Os astrónomos descobriram um planeta que orbita num ângulo de 90º em torno de um par de anãs castanhas. É a primeira vez que temos indícios de um destes “planetas polares” a orbitar um par destes objetos peculiares. A descoberta surpreendente foi feita com o auxílio do Very Large Telescope do ESO.
Nos últimos anos, foram descobertos vários planetas a orbitar duas estrelas em simultâneo, tal e qual como Tatooine, um dos planetas fictícios da série de filmes de ficção científica Star Wars.
Estes planetas ocupam normalmente órbitas que se alinham aproximadamente com o plano em que as suas estrelas hospedeiras orbitam em torno uma da outra.
Tínhamos já, no entanto, indícios anteriores de que poderiam existir planetas em órbitas perpendiculares, ou polares, em torno de estrelas binárias: em teoria, estas órbitas são estáveis e foram detetados discos de formação planetária em órbitas polares em torno de pares de estrelas.
No entanto, e até agora, não tínhamos evidências claras de que estes planetas polares existissem de facto.
“Estou verdadeiramente entusiasmado por estar envolvido na deteção de indícios credíveis que apontam para a existência desta configuração”, diz o astrónomo Thomas Baycroft, unvestigador da Universidade de Birmingham, Reino Unido, que liderou o estudo publicado na quarta-feira na revista Science Advances.
O exoplaneta, denominado 2M1510 (AB) b, orbita um binário de anãs castanhas jovens — objetos maiores que planetas gigantes gasosos, mas demasiado pequenos para serem estrelas propriamente ditas.
As duas anãs castanhas eclipsam-se uma à outra quando observadas a partir da Terra, constituíndo aquilo a que os astrónomos chamam um binário eclipsante.
Este sistema é bastante raro: para além de ser apenas o segundo par de anãs castanhas eclipsantes conhecido até à data, descobrimos agora que acolhe também o primeiro exoplaneta jamais encontrado numa trajetória perpendicular à órbita das suas duas estrelas hospedeiras.
“Um planeta em órbita não só de um binário, mas de um binário de anãs castanhas, e numa órbita polar, é realmente algo incrível“, diz o coautor Amaury Triaud, professor na Universidade de Birmingham.
Legado do Levantamento DESI/D. Lang (Instituto Perimeter)

Esta imagem, obtida no visível, mostra 2M1510 AB, um par de anãs castanhas em órbita uma da outra.
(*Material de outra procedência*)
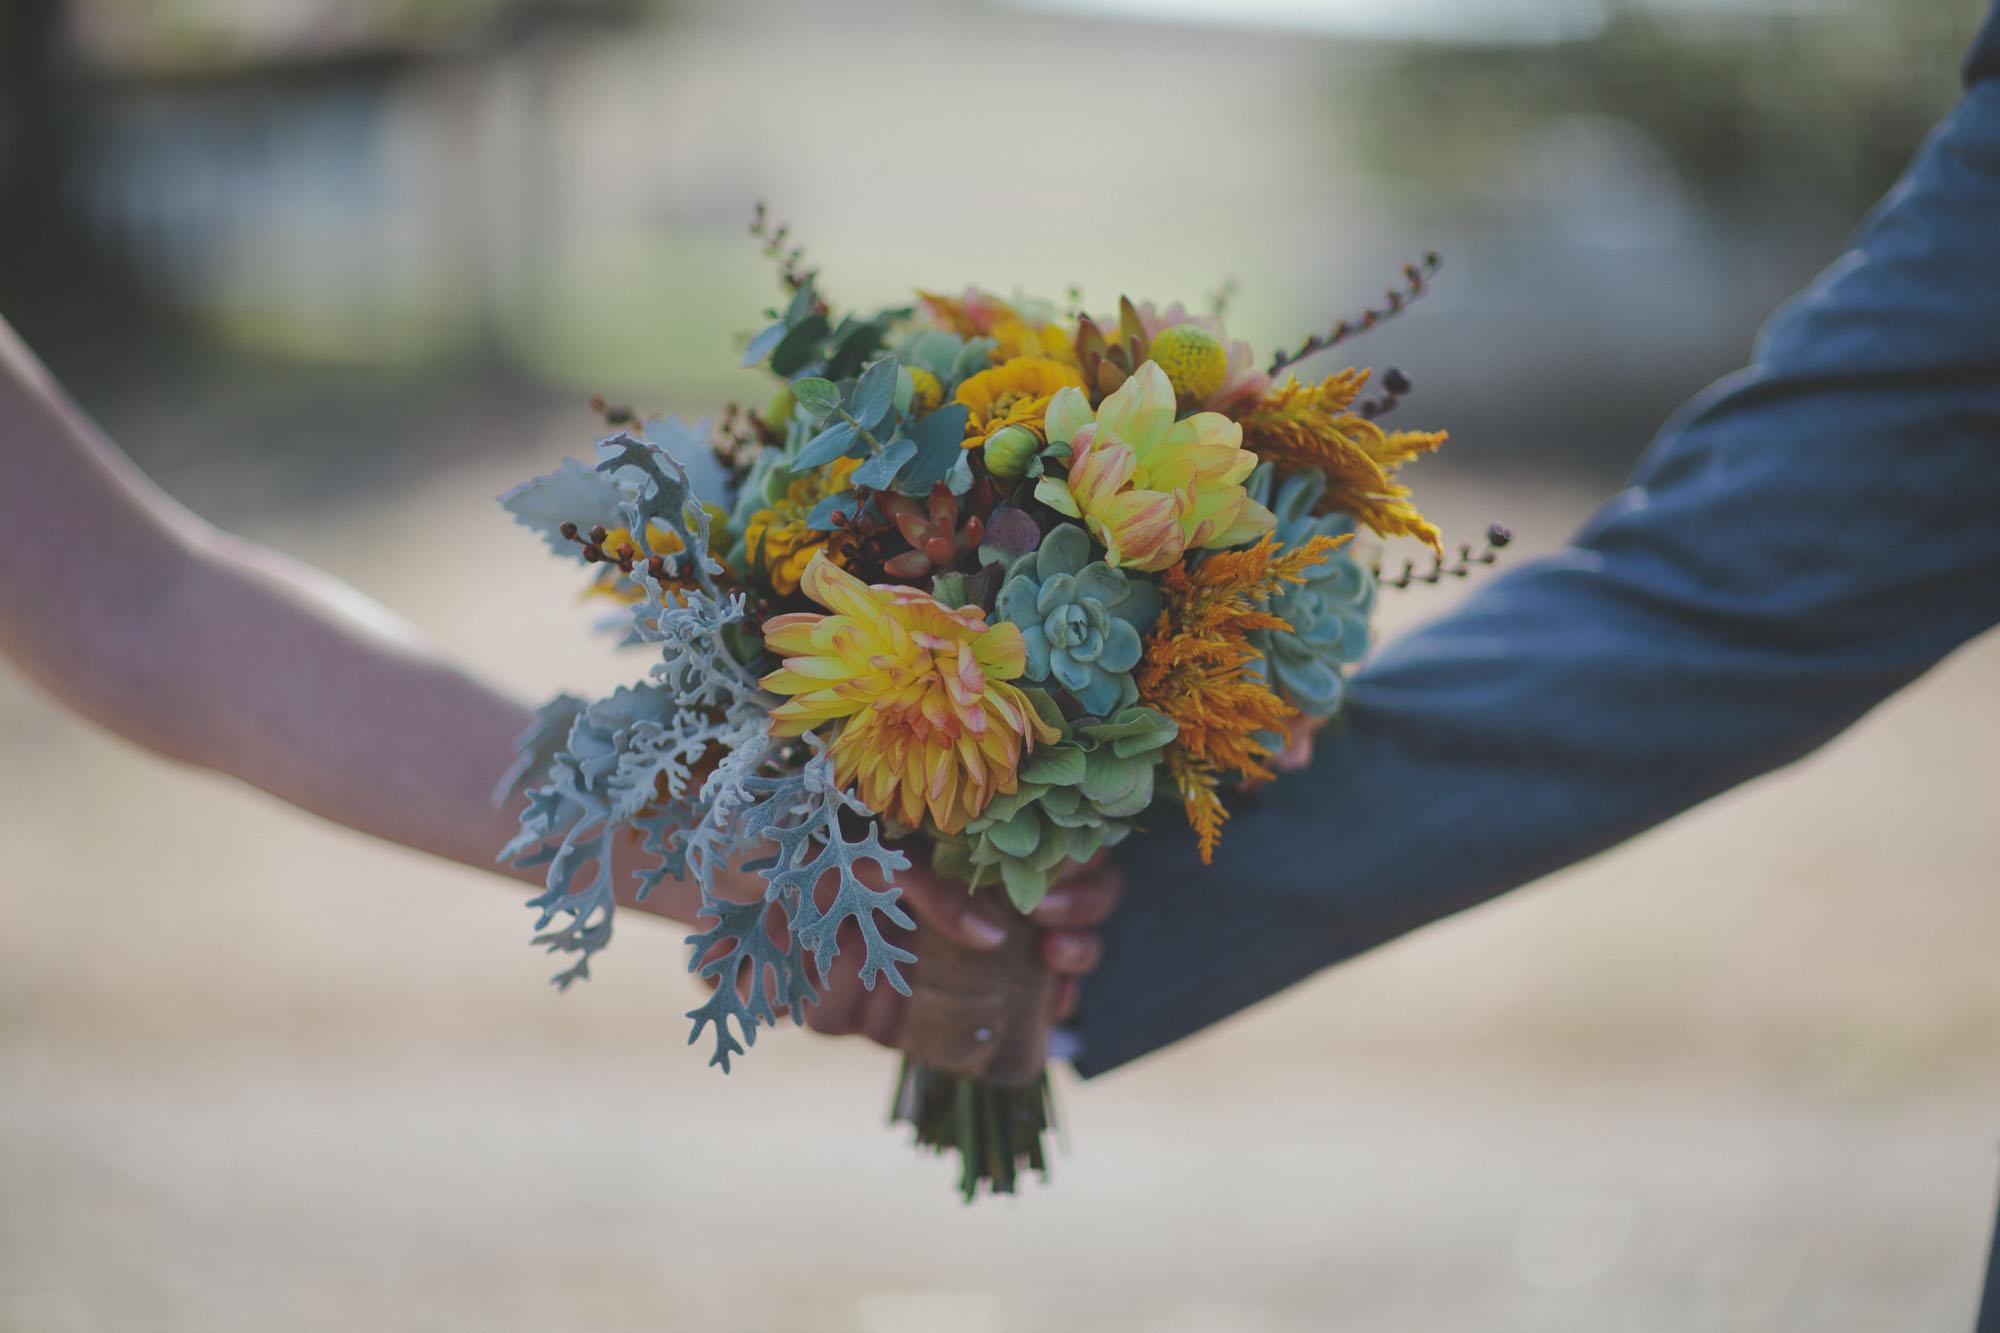 Gretchen_Gause_Petaluma_Olympias_Valley_Wedding_Photo-095.jpg

As duas anãs castanhas, A e B, aparecem-nos como se de uma única fonte se tratassem, no entanto sabemos que são dois objetos que se eclipsam periodicamente um ao outro. Ao monitorizarem as suas órbitas, os astrónomos encontraram perturbações que só podem ser explicadas pela atração gravitacional de um exoplaneta que se desloca em torno das duas anãs castanhas numa órbita perpendicular. Este sistema contém uma terceira anã castanha, 2M1510 C, mas esta encontra-se demasiado longe para poder ser responsável por estas perturbações.
A equipa encontrou este planeta quando refinava os parâmetros orbitais e físicos das duas anãs castanhas a partir de observações levadas a cabo com o instrumento UVES (Ultraviolet and Visual Echelle Spectrograph) montado no VLT do ESO, no Observatório de Paranal, no Chile.
Este par de anãs castanhas, conhecido por 2M1510, foi detetado pela primeira vez em 2018 por Triaud e outros investigadores, que utilizaram o SPECULOOS (Search for habitable Planets EClipsing ULtra-cOOl Stars), outra instalação do Paranal.
Os astrónomos observaram a trajetória orbital das duas estrelas de 2M1510 a ser empurrada e puxada de forma invulgar, o que os levou a inferir a existência de um exoplaneta com este estranho ângulo orbital.
“Revimos todos os cenários possíveis e o único consistente com os dados obtidos corresponde à existência de um planeta numa órbita polar em torno deste binário“, diz Baycroft
“Esta descoberta foi realmente inesperada, uma vez que as nossas observações não foram recolhidas para procurar um tal planeta ou configuração orbital. Como tal, foi de facto uma grande surpresa”, conclui Triaud.
“Penso que isto nos mostra, tanto a nós astrónomos como ao público em geral, o que é possível encontrar no Universo fascinante em que vivemos”, conclui.